Figure 4. Atrazine degradation pathway. Atrazine degradation pathway and the genes involved. Gene AtzA encodes the enzyme atrazine chlorohydrolase, which uses H2O to degrade atrazine into hydroxyatrazine, creating hydrochloric acid as a byproduct; AtzB codes for hydroxydechloroatrazine ethylaminohydrolase, and while converting hydroxyatrazine to N-Isopropyammelide, uses H2O and releases a byproduct, NHC2H5 (Govantes et al., 2010). AtzC is the gene for N-Isopropyammelide isopropyl amidohydrolase; this enzyme uses H2O to change N-Isopropyammelide to cyanuric acid and produces NHC3H7 (Govantes et al., 2010). Cyanuric acid amidohydrolase converts cyanuric acid to biuret using two molecules of H2O, and it creates byproducts of HCO3- and a hydrogen ion (Govantes et al., 2010). Biuret is converted to allophanate by the enzyme 1-Carboxybiurethydrolase, found on gene AtzE, using a molecule of H2O and producing NH3 and a hydrogen ion (Govantes et al., 2010). The enzyme encoded by AtzF, allophanate hydrolase, uses a molecule of H2O and produces two molecules each of ammonia and carbon dioxide (Govantes et al., 2010).

Safety

While the Biosafety Level of our chassis, strain GJ31, is unspecified in previous research and ATCC, nearly all strains of P. putida fall under biosafety level 1 (Espinosa et al., 2023), and strain GJ31 has been used in experimentation beforehand (Kunze et al., 2009). Thus, GJ31 should not pose risks to healthy humans. Since P. putida strain GJ31 is naturally found in soil and water and can metabolize chlorobenzene naturally, the introduction of our bioengineered P. putida is not expected to impact the microbial community.

This design synthesizes Pseudomonas sp. ADP’s atrazine degradation genes with a backbone to construct the pWRA-1 plasmid. Following pWRA-1 construction, we will transform the plasmid into the chassis, P. putida GJ31, via electroporation. Several safety and ethical considerations include gene pathogenicity to the recipient GJ31, specifically potential cellular component-degrading enzymes and genes that grant survival advantages. To address the risks of pathogenicity introduction, the genes from Pseudomonas sp. ADP will be thoroughly characterized and screened to minimize undesirable influences. We plan to implement bioinformatics tools to predict the constructed polycistronic system’s functionality before transformation and pathogenicity tests to assess changes in chassis survival post-transformation (Naor-Hoffmann et al., 2022).
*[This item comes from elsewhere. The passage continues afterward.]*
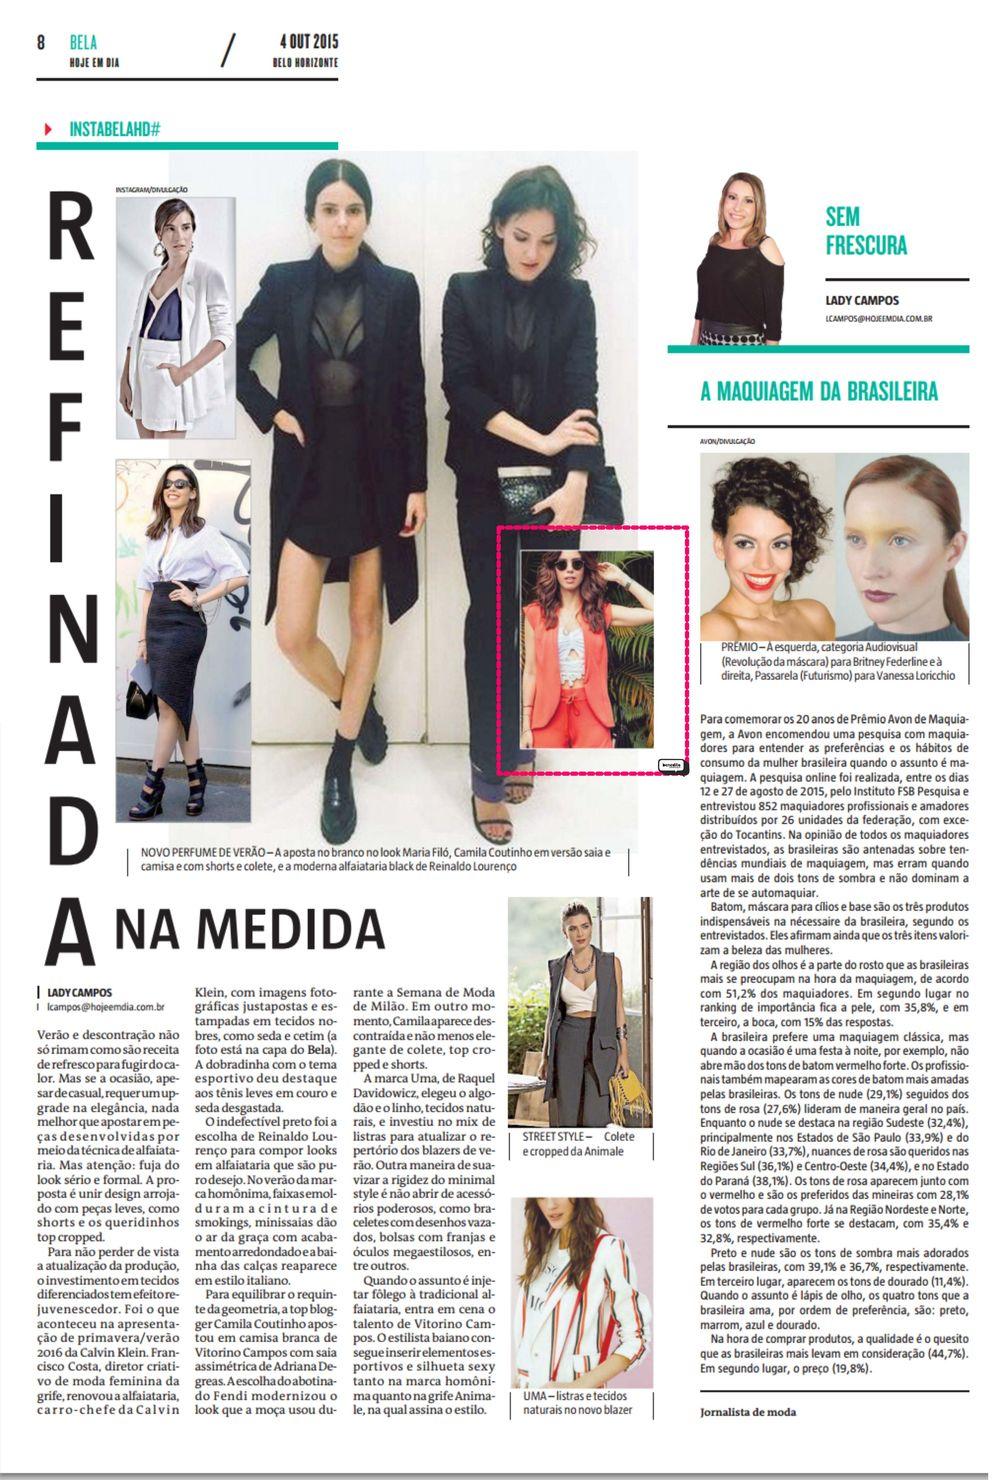 Cajo - Jornal Hoje em Dia - 04-10-2015.jpg

Although off-target effects were minimized through this design’s approach of transforming a synthesized plasmid rather than using restriction digestion, the stability of the plasmid’s genes within the chassis genome will be closely monitored. This monitoring will focus on unintended genetic modifications, including metabolic disturbances and interactions with endogenous genes. Techniques like plasmid curing–a method that inhibits plasmid replication and helps to genetically manipulate the removal of a plasmid from a bacterium (Trevors, 1986)–and retention assays, as well as regular PCR checks, will assess the plasmid stability to supervise gene loss, rearrangements, or mutations over successive generations (Trevors, 1986). Unintended genetic modifications are also subject to transcriptome analysis (Wahl et al., 2022), and metabolic profiling will assess modified GJ31’s metabolic profile alteration, involving metabolites production comparison with negative control and unmodified parent strain under various experimental conditions (Mohd Kamal et al., 2022). Phenotypic characterization and fitness tests of successive generations aim to observe growth and behavior phenotypes and provide insights into functional disturbances that might be undetectable at the genetic and molecular levels.
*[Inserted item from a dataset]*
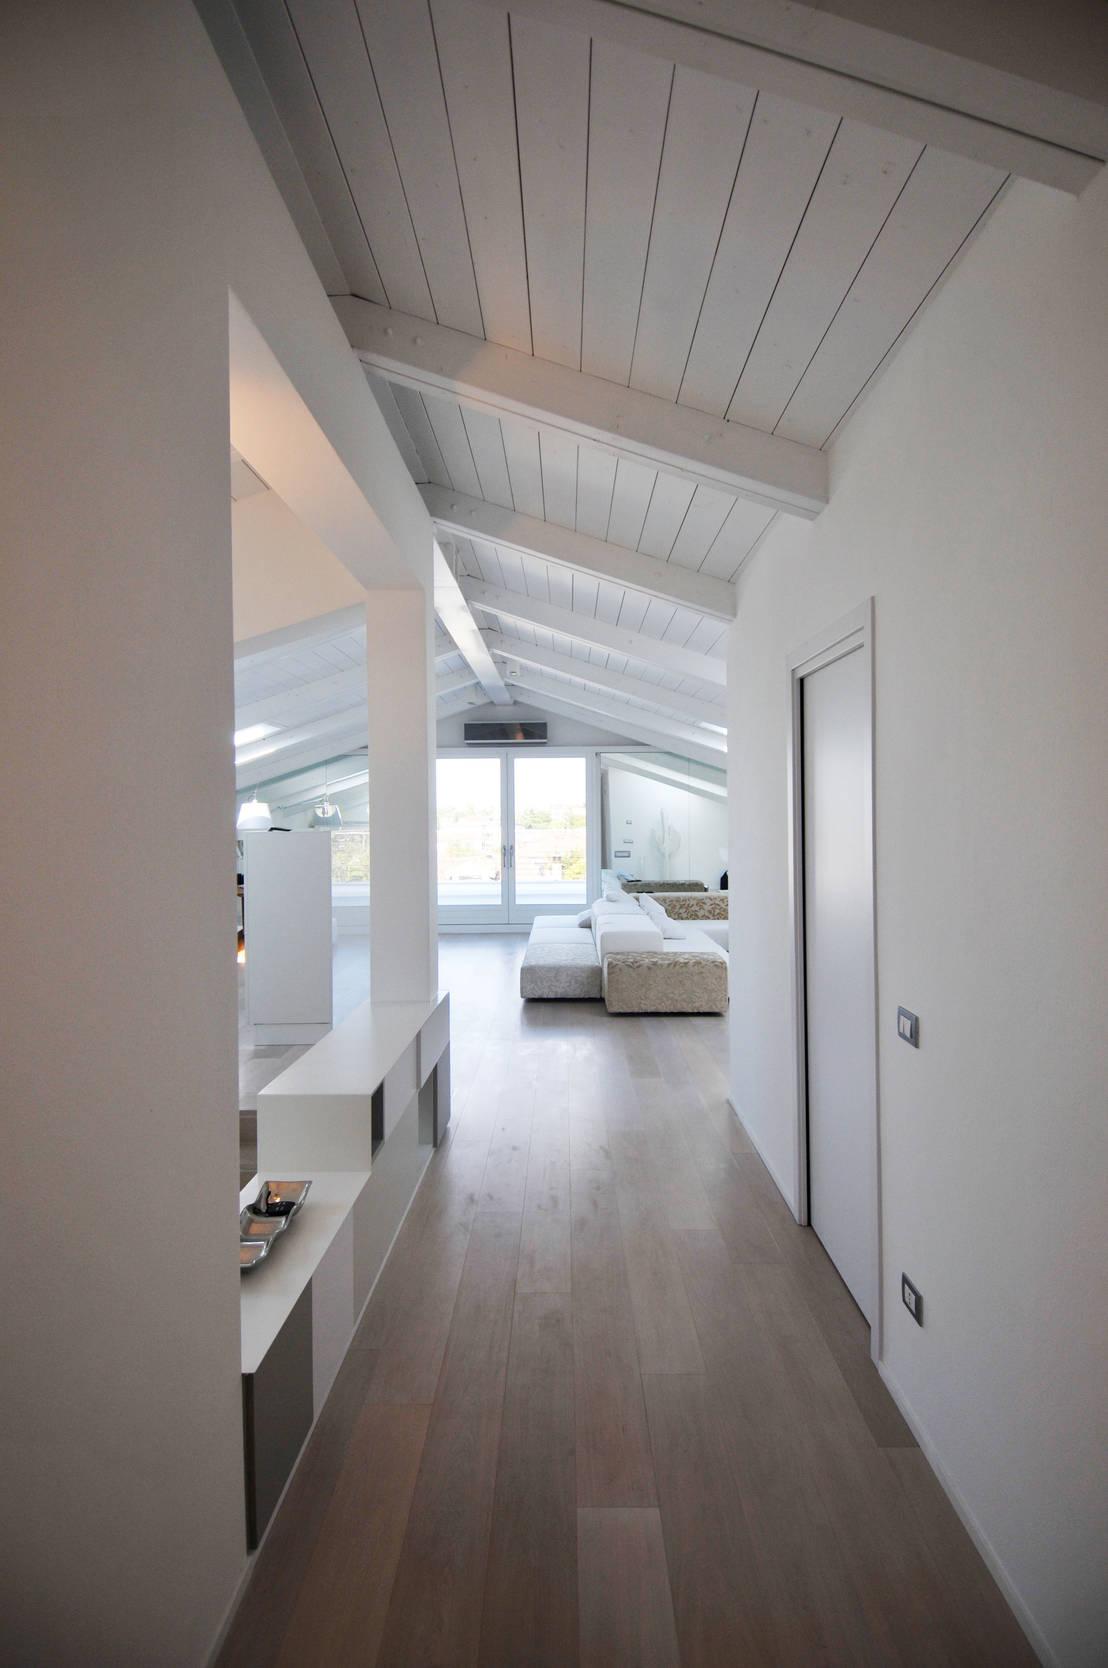 Interior design white loft treviso italy by imago for Imago design

Before testing the bioengineered GJ31 in soil/water samples and simulative or testing fields, the bacterial degradation performances will first be assessed in atrazine and chlorobenzene-supplemented mineral salt medium. Our lab will comply with EPA regulations and obtain these chemicals from certified suppliers (Atrazine, 2023; Chlorobenzene, n.d.). To avoid risks associated with these toxic chemicals, chemical storage containers will be sealed and clearly labeled with hazard information, and secondary containment systems will prevent potential spills and leaks. Chlorobenzene, a flammable chemical, will also be stored in specific flammable storage cabinets to avoid associated risks. Lab personnel will be trained on evacuation, cleanup procedures, and the use of eyewash stations. We plan to place the spill kit (including absorbents, PPE, and disposable bags) near safety cabinets (Recommended Chemical, n.d.). The lab will keep rigorous documentation of chemical use, storage, disposal, and report incidents and exposures to regulatory institutions required by law.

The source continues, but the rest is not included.